26 Eylül 2024 Perşembe

'Öldülerse cenazemizi verin' talebi İzmir'de dile getirildi

Gözaltında sistematik işkence gören, sonrasında bir tekneye bindirilen ve kaldıkları tekne bombayla infilak edilerek katledilen Metin Andaç, Neslihan Uslu, Hasan Aaydoğan ve Ali Mandal'ı gündeme taşıyan İHD İzmir Şubesi, kaybedilenlerin akıbetinin açıklanmasını ve faillerin yargılanmasını istedi.

İnsan Hakları Derneği (İHD) İzmir Şubesi, 31 Mart 1998 tarihinde; 46 yaşındaki Bergama doğumlu Metin Andaç, 30 yaşındaki Düzce doğumlu Neslihan Uslu, 24 yaşındaki Tokat doğumlu Hasan Aydoğan ve 40 yaşındaki İzmir Menemen doğumlu Mehmet Ali Mandal'ın dosyasını paylaştı, 90'lı yıllarda uygulanan işkence, kaybetme, katletme saldırılarını aktardı. Eylemde üzerinde kayıpların fotoğraflarının olduğu "Kayıplar belli failler nerede", "Kayıplar vicdanındır sahip çık" pankartları taşındı.

Alaçatı'da gözaltına alınan Andaç, Uslu, Aydoğan, Mandal'ın ailesi, avukatları ve İHD'nin Uluslararası Af Örgütü'nün ve Birleşmiş Milletler Yüksek Komiserliği'nin tüm girişimleri sonuçsuz kaldığına dikkat çekilen açıklamada, "Onların gözaltında oldukları kabul edilmedi.

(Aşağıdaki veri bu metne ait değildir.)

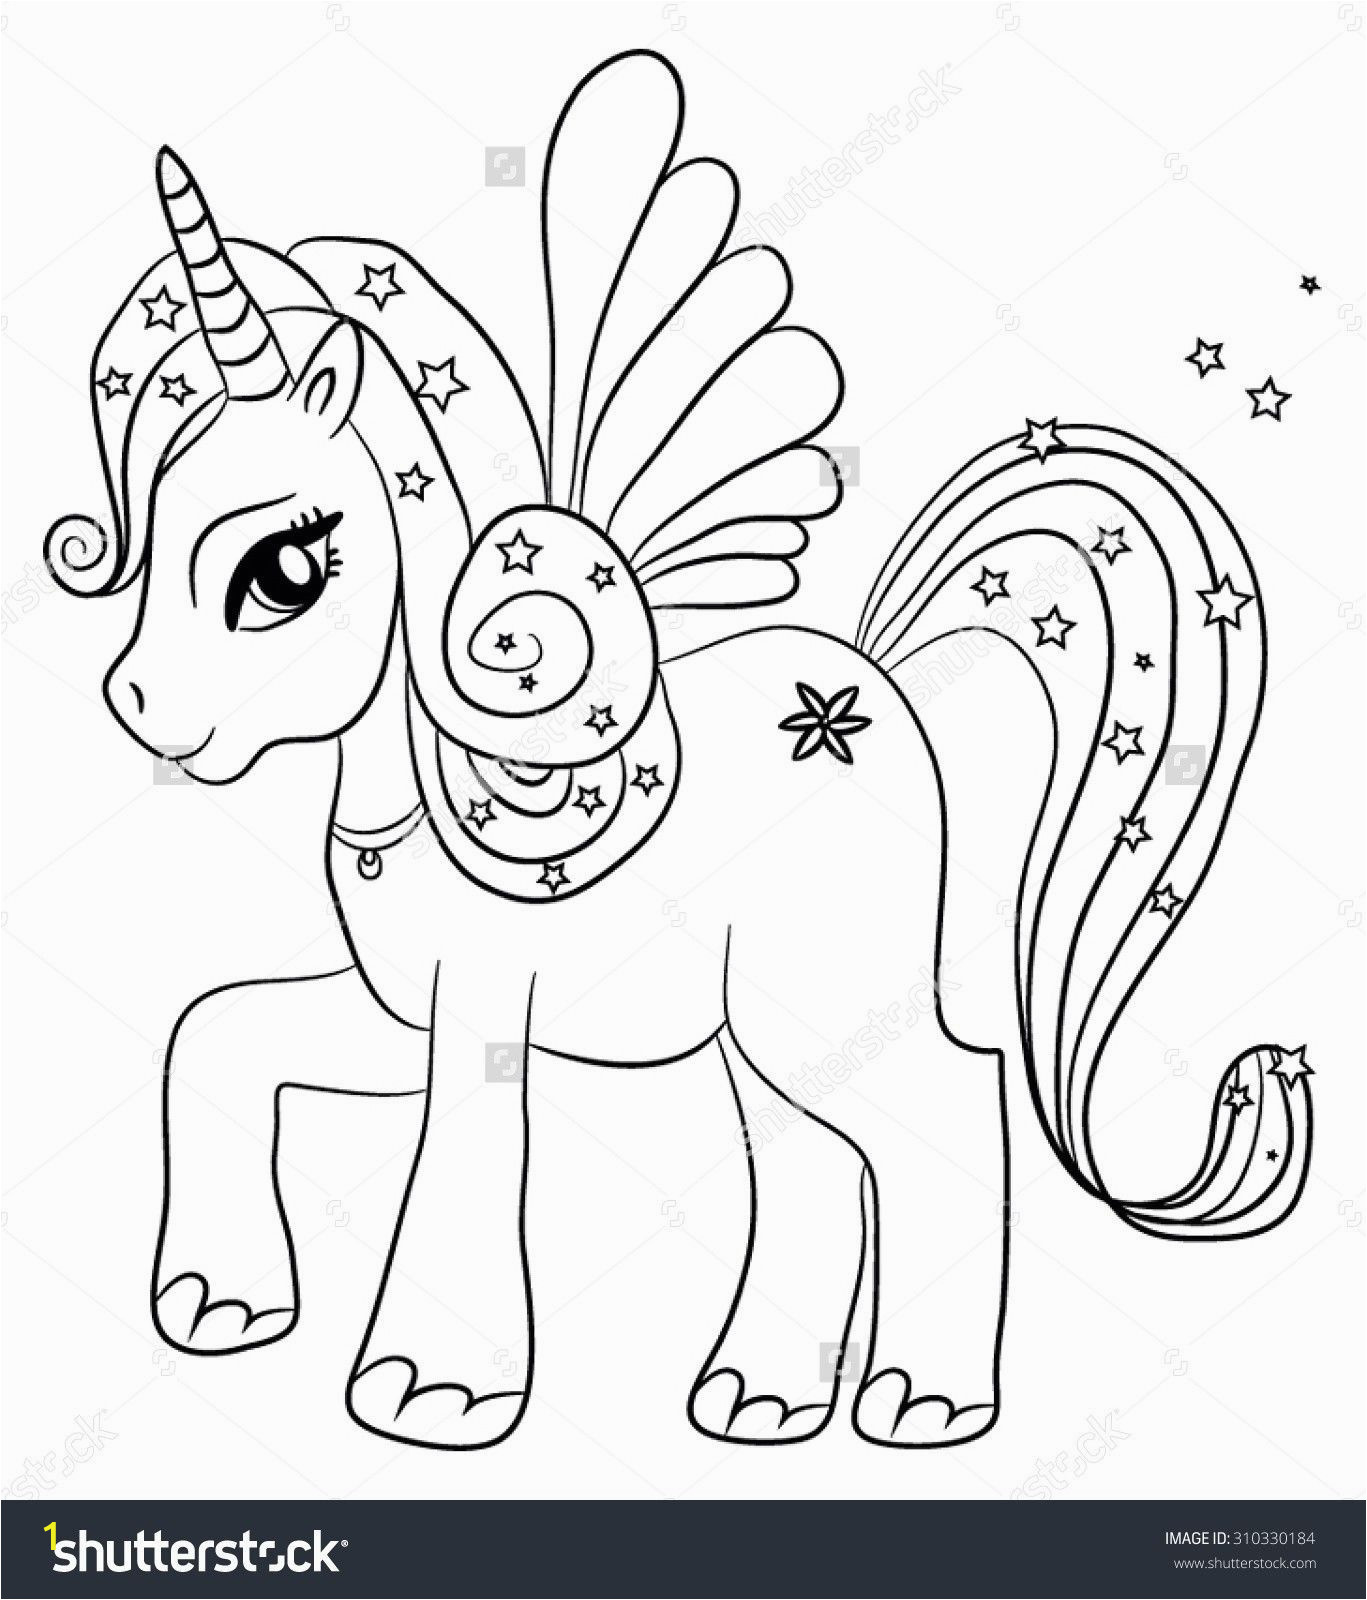 unicorns print saferbrowser image search results inkleur free unicorn coloring to pictures and color colour printable of printables sheets cute colouring sheet by number

Hükümet adına dönemin İçişleri Bakanı Murat Başeskioğlu, 'adı geçen şahısların örgüt üyesi olmaktan dolayı arananlar listesinde olduğu anlaşılmıştır' demekle yetindi. Olayın üzerinden bir yıl kadar sonra kendisini JİTEM'e bağlı 03 Tim Görevlisi olarak tanıtan Turan Ünsal'ın basına yansıyan itiraflarına göre, Neslihan Uslu ve arkadaşları önce Foça'da askeri alan içerisinde olan kontrgerillaya ait bir binada işkenceyle sorgulandı. Sonra İzmir'in Hatay Üçkuyular semtinde yine kontrgerillaya ait bir binada tutuldular" denildi.

Neslihan ve arkadaşlarının sistematik işkenceden çıktığı, kolları ve bacaklarının kırık, ilaçla uyuşturulmuş bir halde balıkçı teknesine bindirildiği ve teknenin Seferihisar açıklarında bomba ile infilak ettirilerek batırıldığı vurgulanan açıklama şöyle devam etti: "Olayın detaylarını anlatan Turan Ünsal, işkenceye katılanların eşkal bilgilerini ve isimlerini de verdi. Bu iddialar hakkında etkin bir soruşturma yürütülmedi. Neslihan Uslu, Metin Andaç, Mehmet Ali Mandal ve Hasan Aydoğan'ın akıbetleri karanlıkta bırakıldı. Ailelerin, 'kaybolan yakınlarımızla ilgili tüm başvurularımızı sonuçsuz bıraktınız, hiç olmazsa onların ölü veya diri olduklarını söyleyin. Öldülerse bize cenazelerimizi verin' talebi de bugüne kadar karşılıksız bırakıldı. Bizler bir kere daha; görmek istemeyen gözlere, duymak istemeyen kulaklara sesleniyoruz. Devletin kaybettiği insanlarımızın akıbetleri açıklansın ve failleri yargılansın!"

Eylem, bir süre devam eden sessiz oturmanın ardından sona erdi.